OpenMathLib / OpenBLAS

OpenBLAS is an optimized BLAS library based on GotoBLAS2 1.13 BSD version.
http://www.openblas.net
BSD 3-Clause "New" or "Revised" License
6.39k stars 1.5k forks source link

openblas and openmp #2265

Closed bill-hager closed 10 months ago

bill-hager commented 5 years ago

I have tried to use openblas with Tim Davis' SuiteSparse package. I have download openblas from either redhat on my dell desktop or from ubuntu on my thinkpad lap; in either case, I have similar problems. The problem occurs when his software tries to perform a supernodal cholesky factorization. This requires use of dgemm in BLAS. On my 32 processor desktop, the time to perform the factorization is 1000 slower than it should be. On my 8 processor laptop, the time is 7 times slower than it should be. When I use profiling, I find that 57% of the time is spent in blas_thread_server and 35% of the time is in alloc_map. If after the factorization is complete, I immediately perform the factorization again, then the time drops to 0.1 seconds on either machine, the correct factorization time (on the 32 processor desktop, the time was 86 seconds for the initial factorization). The current version of SuiteSparse is using OpenMP, so there seems to be some problem with the openmp coding inside the openblas. If I essentially turn off threading with "setenv OMP_NUM_THREADS 1", then the factorization time is 0.2 seconds, and the huge run times were significantly reduced. Nonetheless, the time is still twice what it would be if threading would work. Is it possible to fix dgemm so that with openmp, the multiprocessor threading will work. dgemm in openblas does work correctly with ptreads; it is with openmp threading that it does not seem to work. But again, if call the factorization routine, the initial factorization takes 86 seconds, and then if I immediately refactor the matrix, it takes 0.1 seconds. On the other hand, if I factor the matrix, then exit the routine where I factor the matrix, do some work in other routines, then return to the routine where I call the factorization, it will take another 86 seconds to do the factorization. This drop from 86 seconds to 0.1 seconds only happens if the second factorization occurs immediately after the first one.
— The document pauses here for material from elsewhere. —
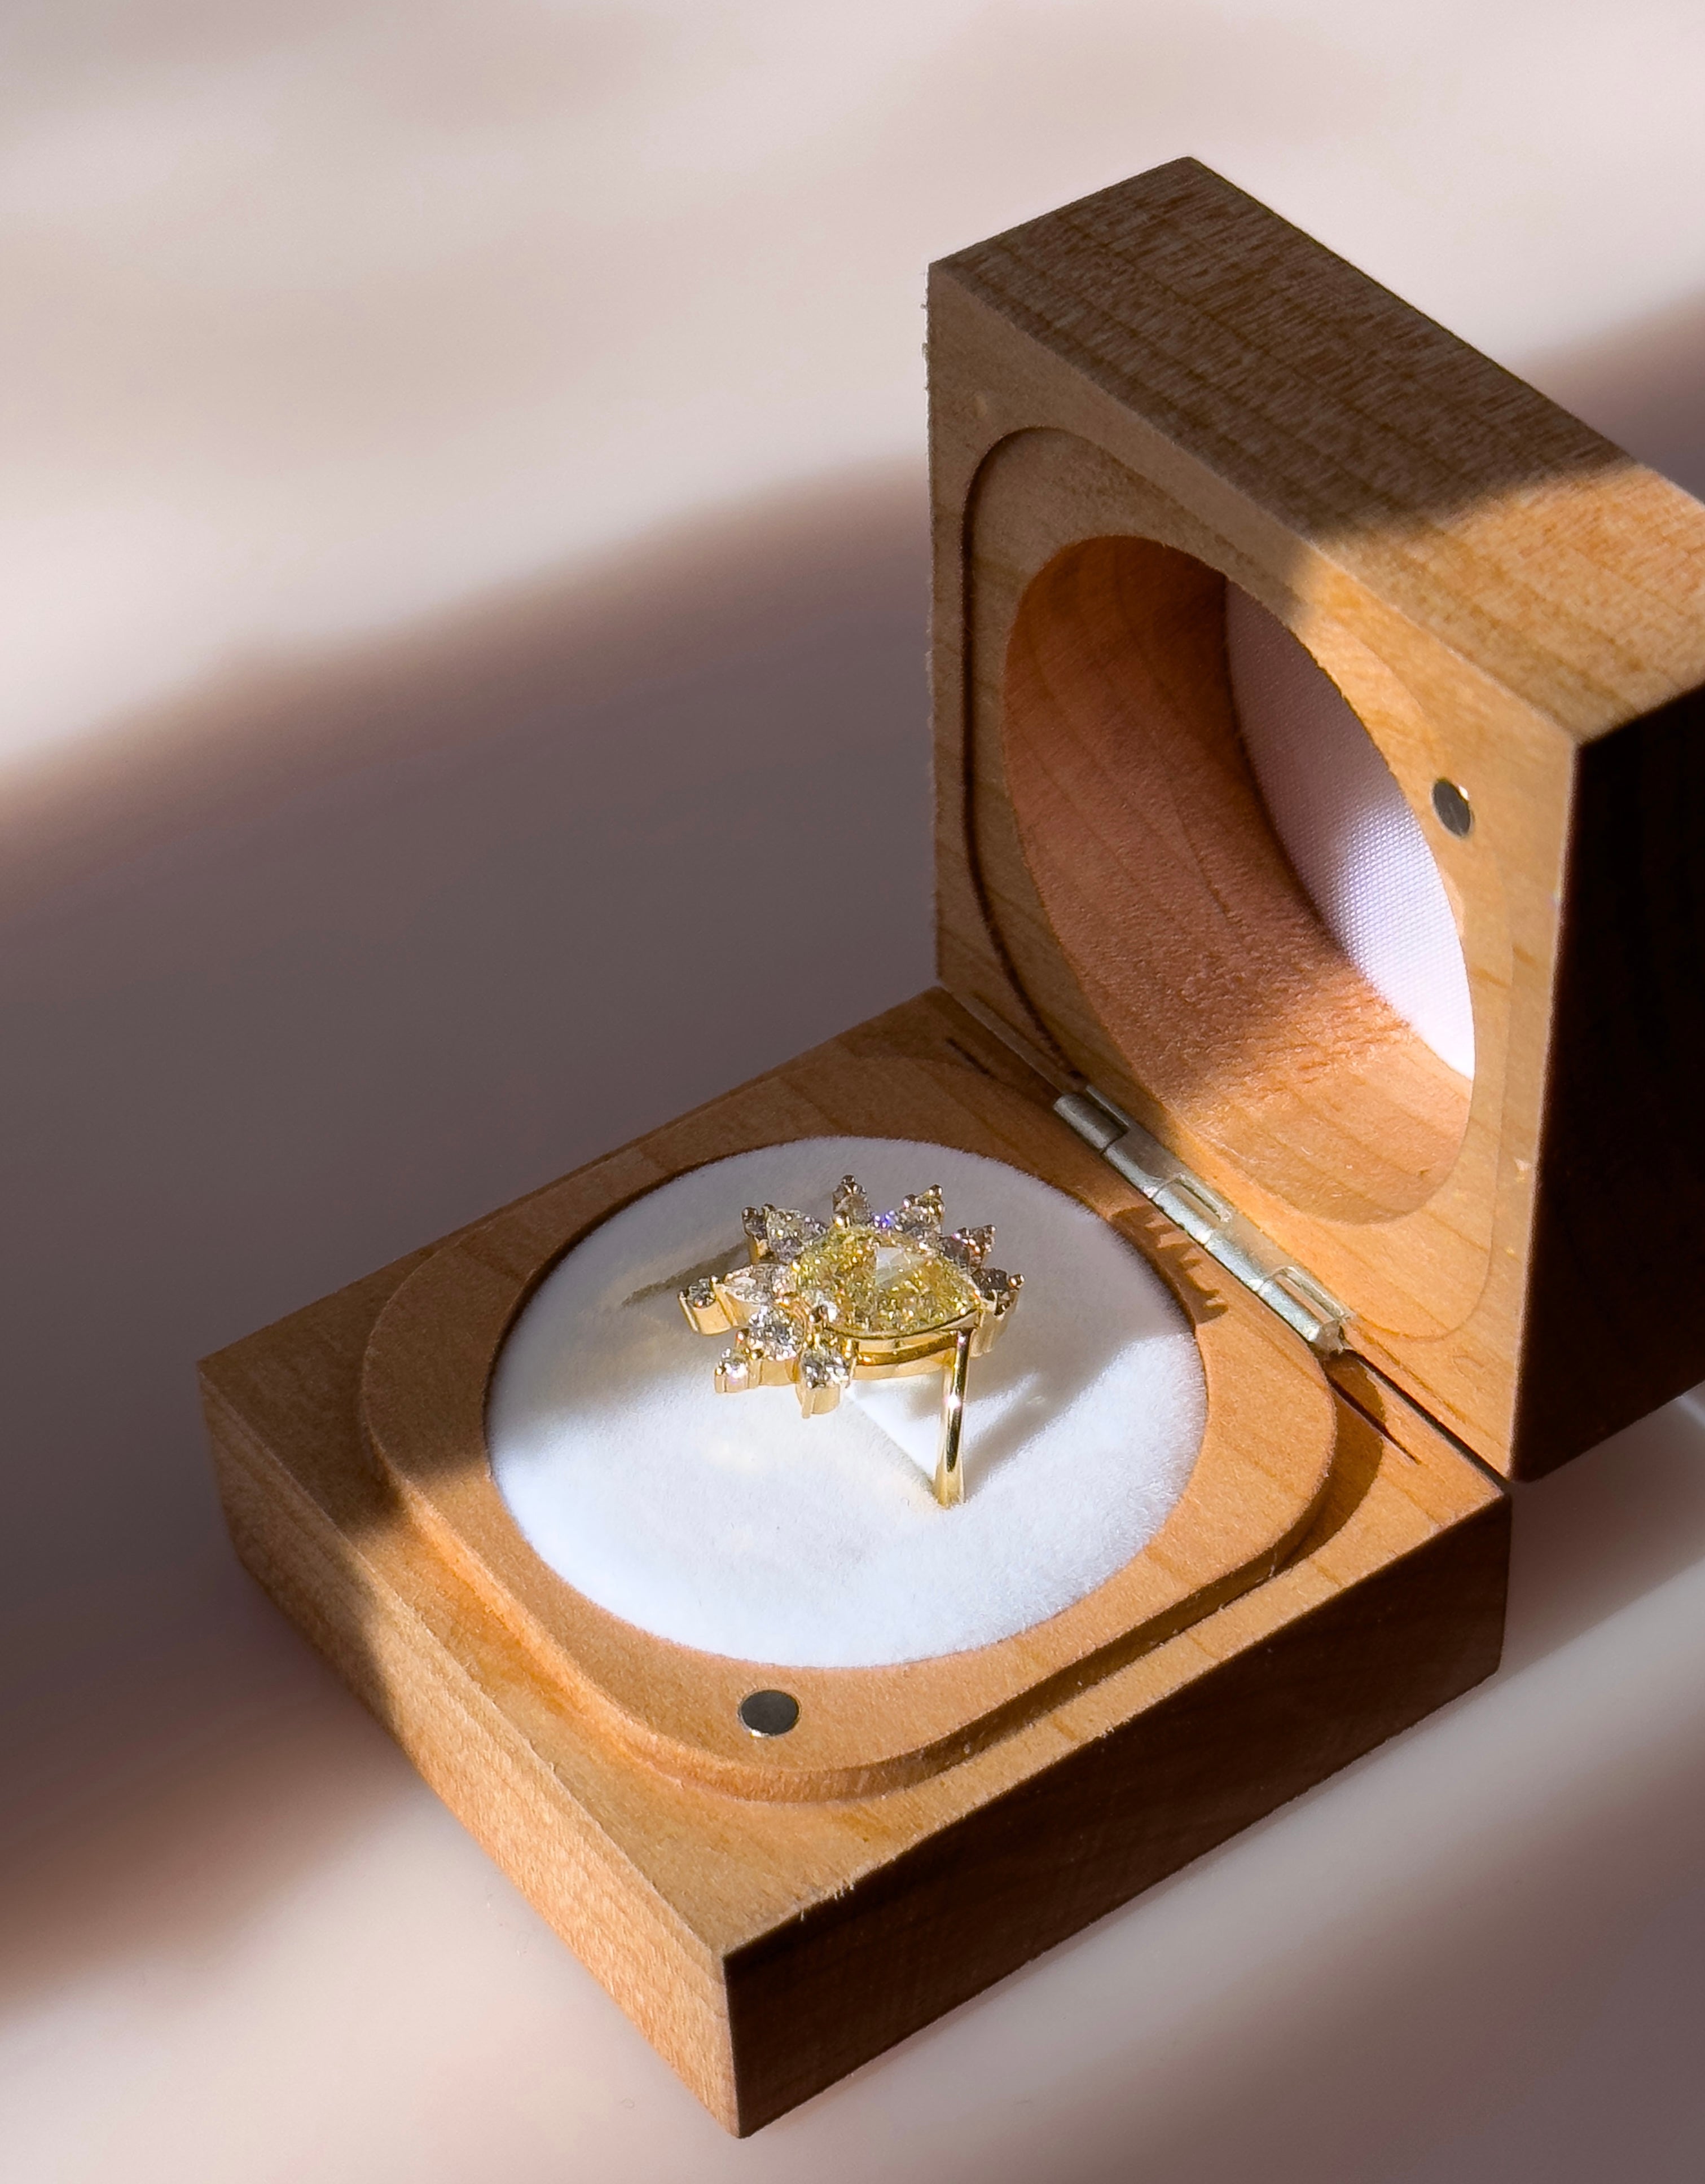 LKC's diamond ring placed inside a proposal box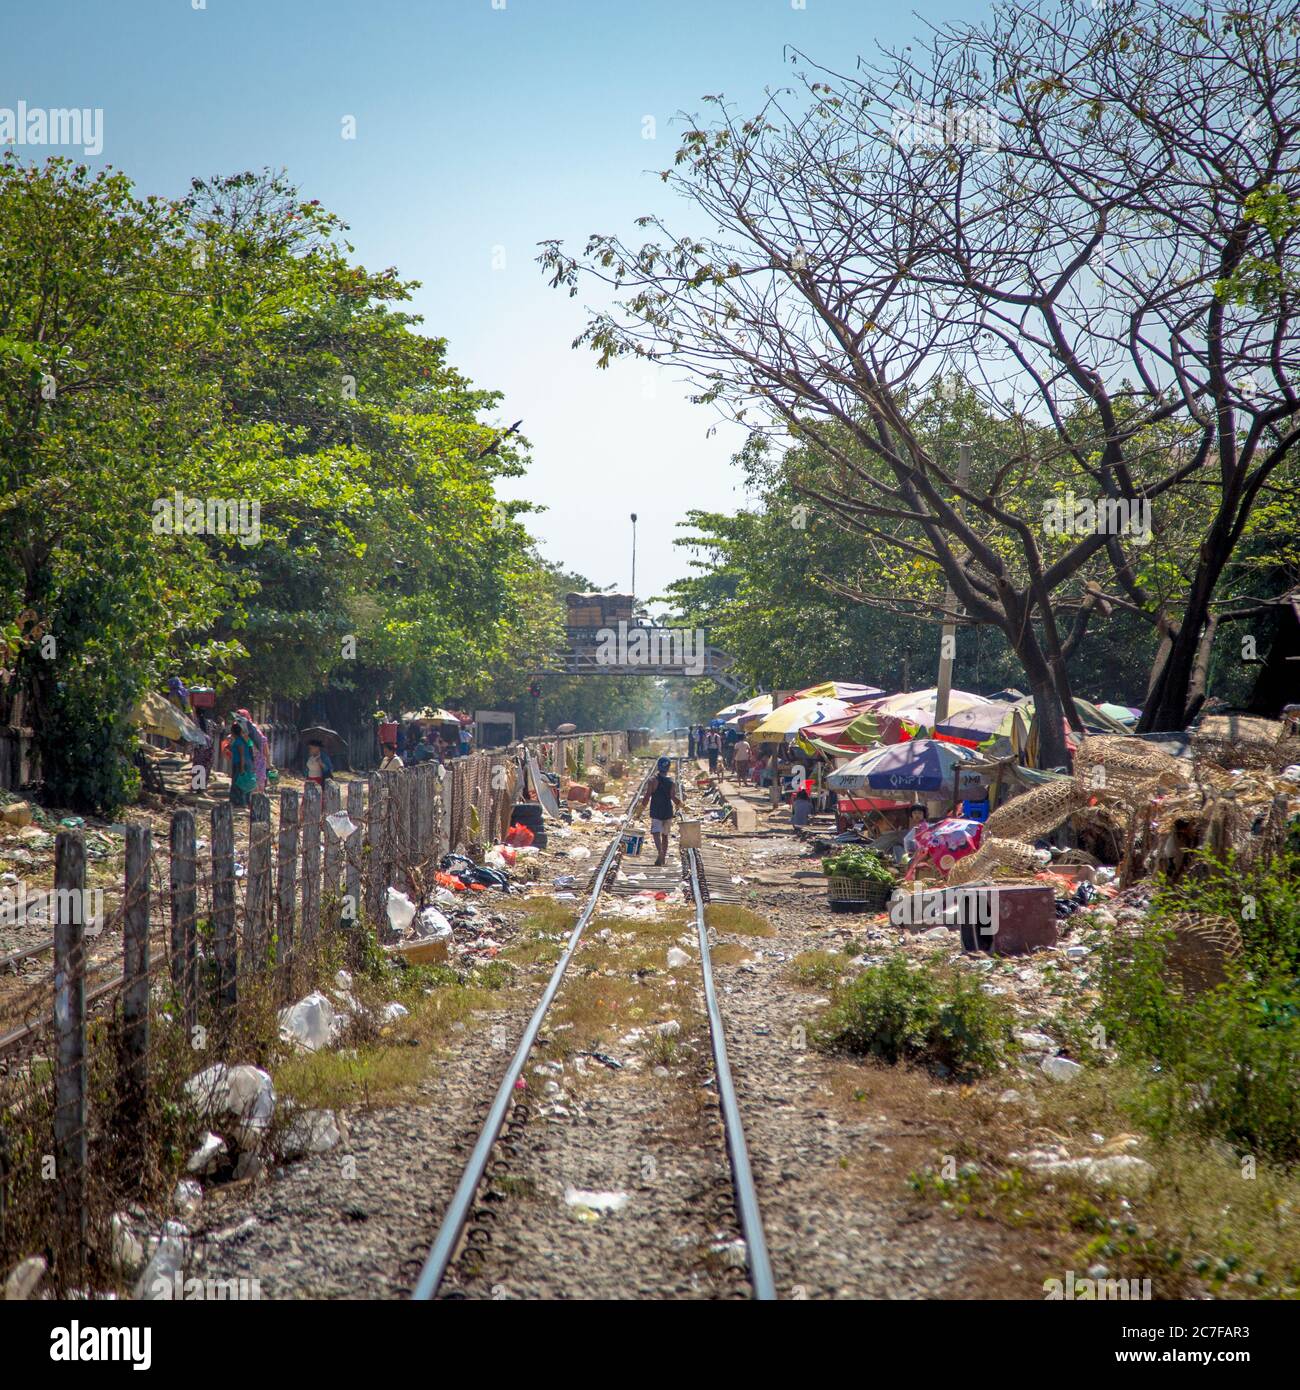 A person walking along the train tracks of the Yangon Circular railway in Myanmar Stock Photo

martin-frbg commented 5 years ago

Which version(s) of OpenBLAS ? Slowness on (only) the first run makes it sound like some cache contention issue, what are your other OPENMP environment variables ? (Could be related to #1653, which unfortunately has no clear resolution so far)

brada4 commented 5 years ago

What CPU? 32 Processors (That barely fit under the desk) XOR 32 Cores XOR 32 Hyperthreads? About the immediately-ness - are you loading data from the hard drive?

EDIT: what do you mean by "from RedHat" ? They have love to ATLAS, not OpeNBLAS. You can get OpenBLAS from Fedora EPEL v0.3.3, or better do your rpmbuild from Fedora's own 0.3.7 SRPM.

brada4 commented 5 years ago

Typically please compare perf record ./sample ; perf report vs OPENBLAS_NUM_THREADS=1 OMP_NUM_THREADS=1 perf record ; perf report

Try to paste together text with what happens inside suitesparse calls and openblas library.

bill-hager commented 5 years ago

Andrew,

The problem that I am describing occurs on multiple computer platforms. Below I will paste the output from /proc/cpuinfo concerning two specific computers on which which have performed my experiments. When the number of processors increases, the problems become more apparent. The data is in memory, it is not being loaded from a hard drive (of course, it had to be brought into memory from a hard drive, but the experiment are done using data in memory). There is lots of memory. Also note that the results I get depend on the specific matrix that is being factored. The specific matrix that I used for the experiments that I described had about 6000 rows and and columns, and the dgemm would have been called many times during the factorization. Here is /proc/cpuinfo for a Dell T7910 computer that I have used. This seems to indicate 8 cores, but 32 processors.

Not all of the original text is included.